I saw a photo from a local Target store where all of their soup shelves were empty.

Every single story I’ve read or saw about empty shelves is always at a CostCo, every single time.

People with CostCo memberships treat them like it’s the only place they buy stuff, my friend only gets his gas at CostCo despite having to drive 15 minutes out of his way to get it and waiting in a 20 minute line only to save 10 cents a gallon. Said he waited 40 minutes in line last week at CostCo to get his bottled water, when he could have very easily gone to a Food 4 Less just next door and just walked in and out with bottled water that was plentiful like I did.

Update:

Wegmans in Ithaca, NY, though well supplied with most stuff, was nearly out of toilet paper (and, slightly more logically, also quite low on kleenex/facial tissue.)

I commented on this to a store worker and he said it had been like that since about 2 in the afternoon, when some people from Syracuse had descended on the store and nearly bought them out. (No, I don’t know how he knew they were from Syracuse. Maybe they said something about it.)

The people from Syracuse didn’t seem to have found either the food coop or the Tops in nearby Watkins Glen; both of which seemed to be normally stocked in toilet paper as in other goods.

I’m told that in some places “jugs” is a slang term for “hooters.”

We lived in Jewett City here in Connecticut for about 4 months, and there was enough iron in the water that if you set a pitcher of it in the sunlight, it would rust [well, go that muddy reddish brown color of rust] over the course of a day. We got a Britta, and as a hoot we backwashed the filter into a pieplate and found what were effectively iron bits when we looked at it under a microscope. We could pick them up with a magnet - very freaky. It was like someone had dumped that stuff that is in those draw on a cartoon with a magnet toy into our water.
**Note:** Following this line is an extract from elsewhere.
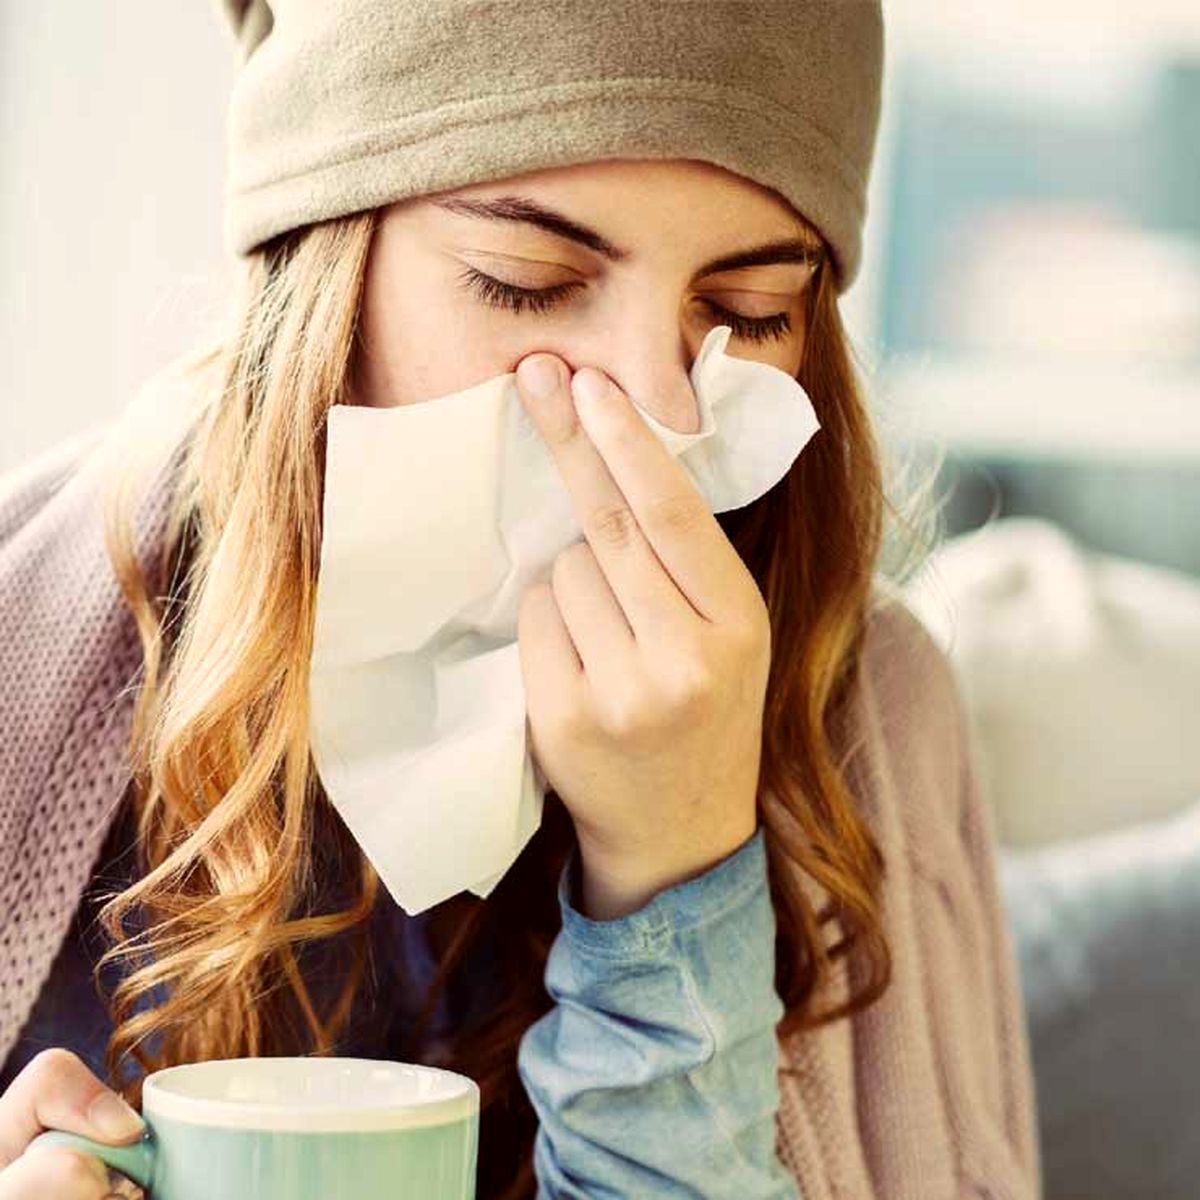 با این روش زیر یه روز سرماخوردگی رو خوب کن! | بهترین ترفند های پزشکی برای درمان سرماخوردگی
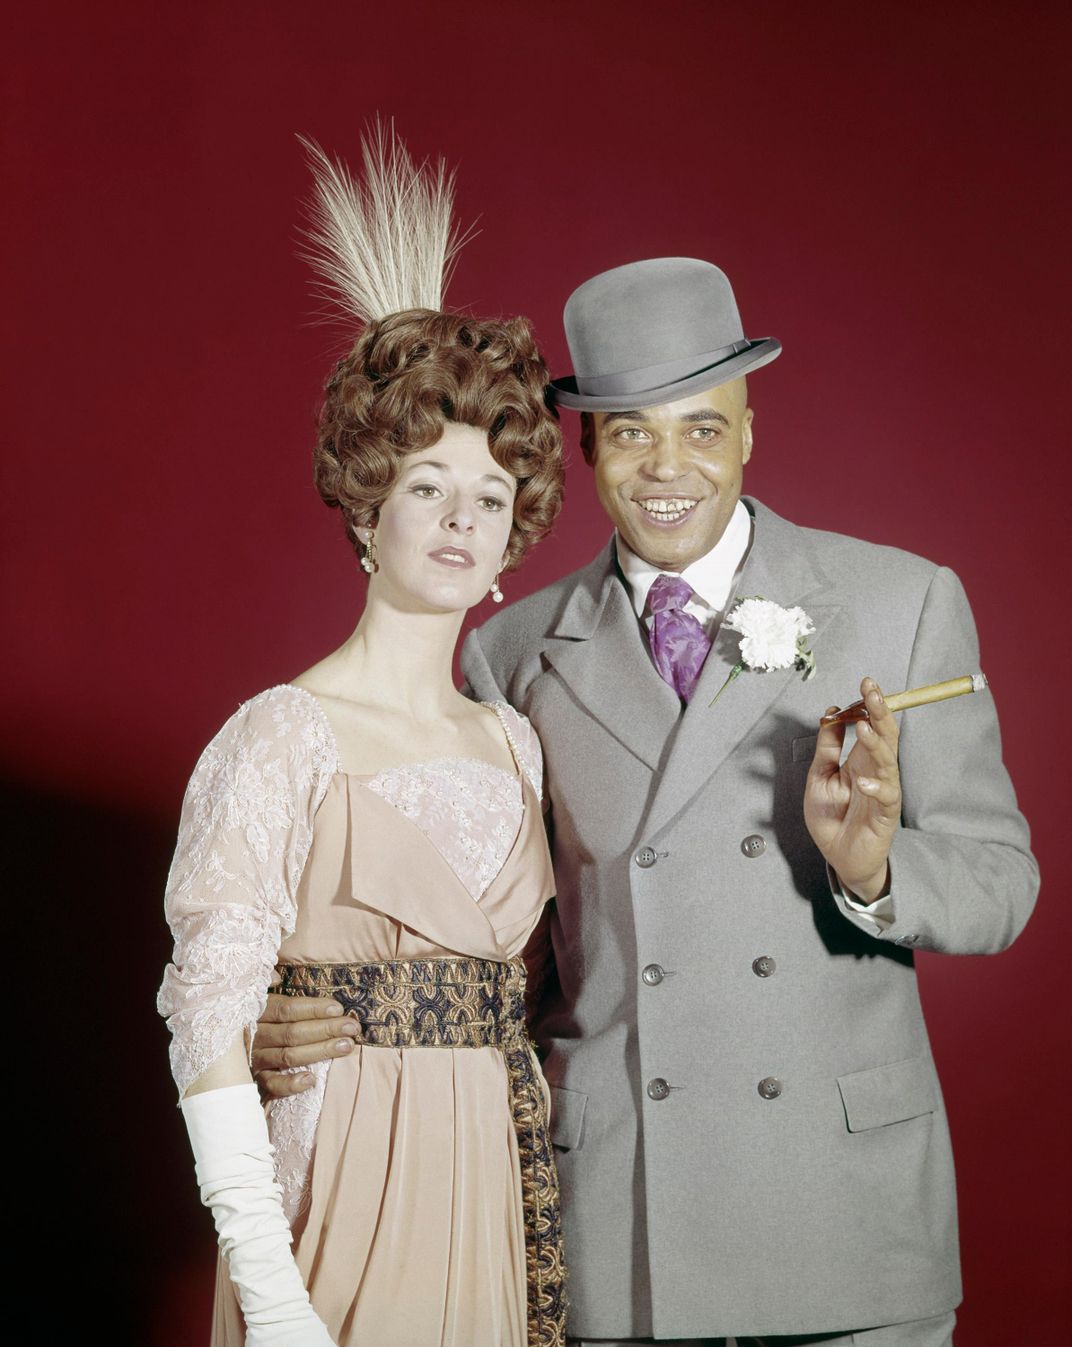 Jane Alexander and James Earl Jones in costume

But the britta made it palatable and not rust, I am very fond of filtering the water at our town house, it is town water rahter than well water and otherwise distinct chlorine and whatever smell that comes from however old the town water system pipes and tanks are.

Our local water is delicious, but we’ve run it through a Berkey filter for years since I was in chemo.

We were in a Walmart here in Honolulu the other night, and soup and chili were cleaned out.